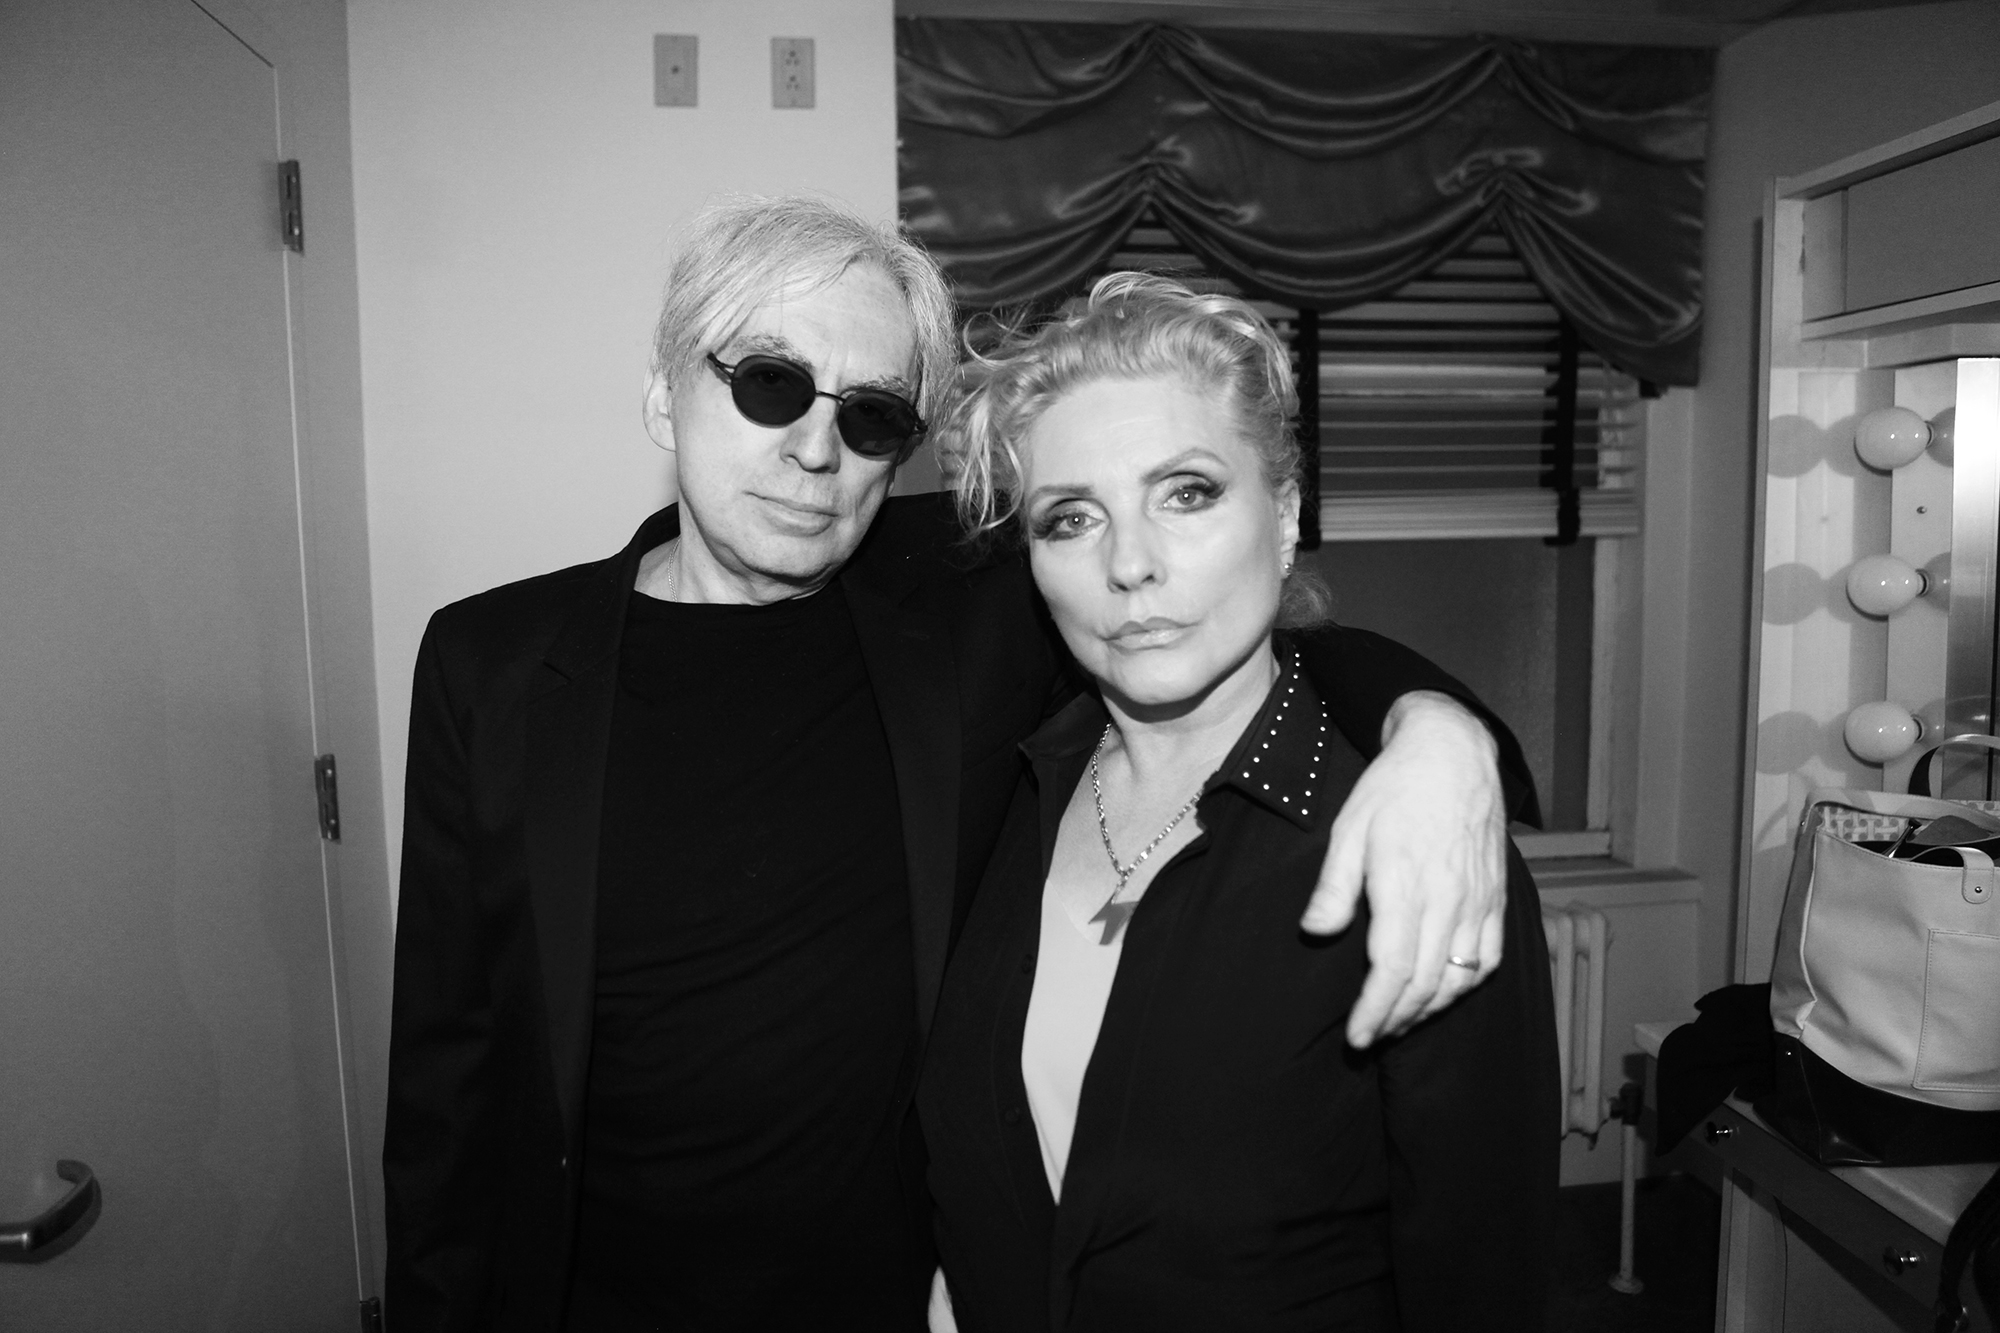 Blondie's Chris Stein and Debbie Harry.
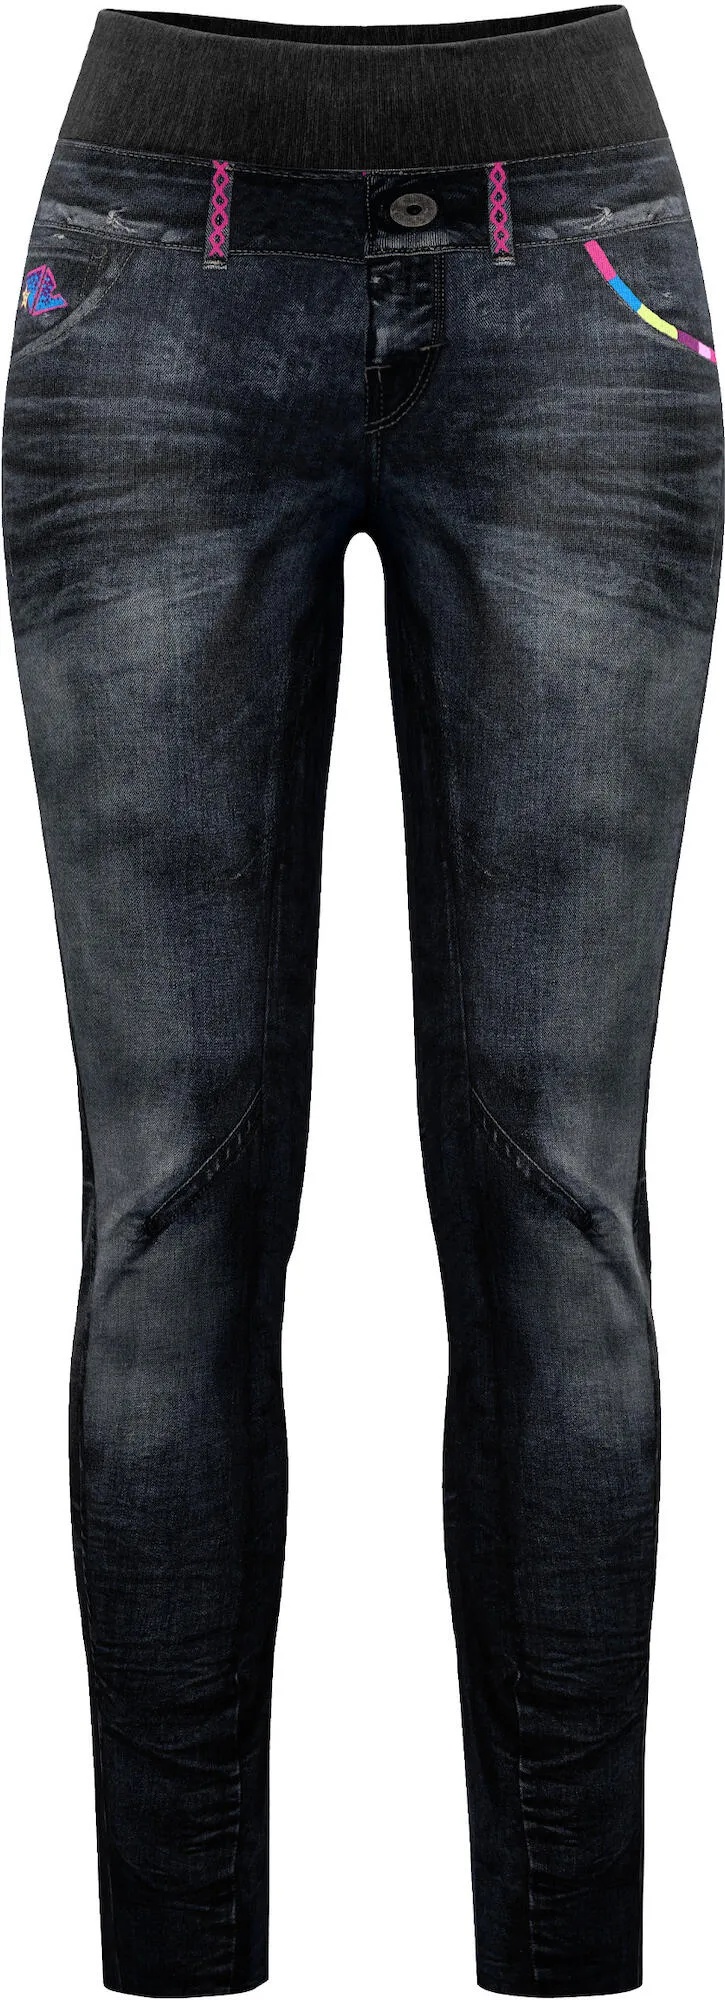 Crazy Pant Wonder Magic Light print dark jeans (X016) L
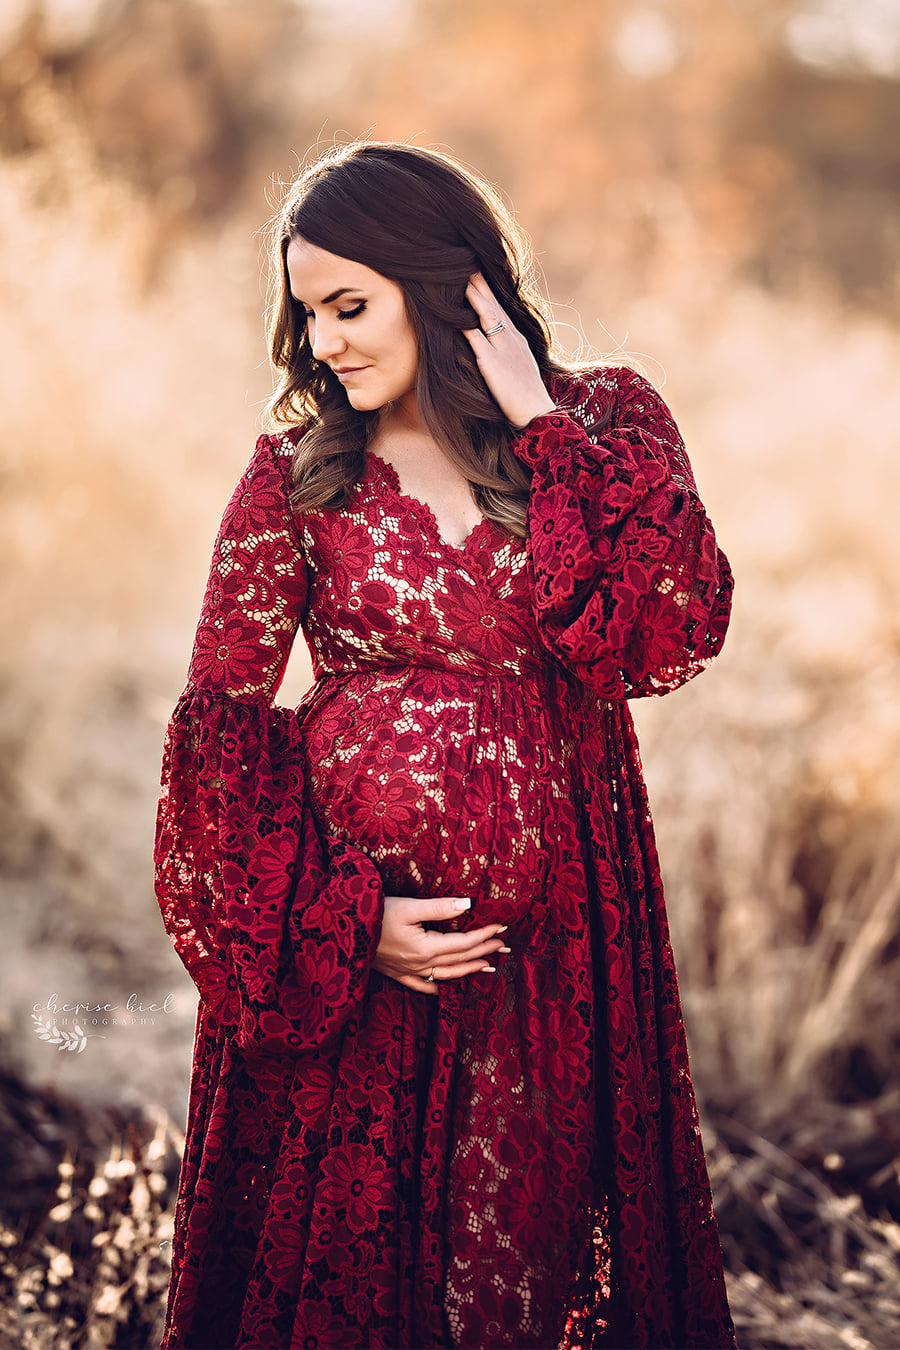 Red Lace Sunflower Dress - maternity photoshoot dress
------------------------
● **Work to complete**: Copy all the data exactly as written, but skip any picture.

● **Your response**:
 Blondie's Chris Stein and Debbie Harry.
 Crazy Pant Wonder Magic Light print dark jeans (X016) L
 Red Lace Sunflower Dress - maternity photoshoot dress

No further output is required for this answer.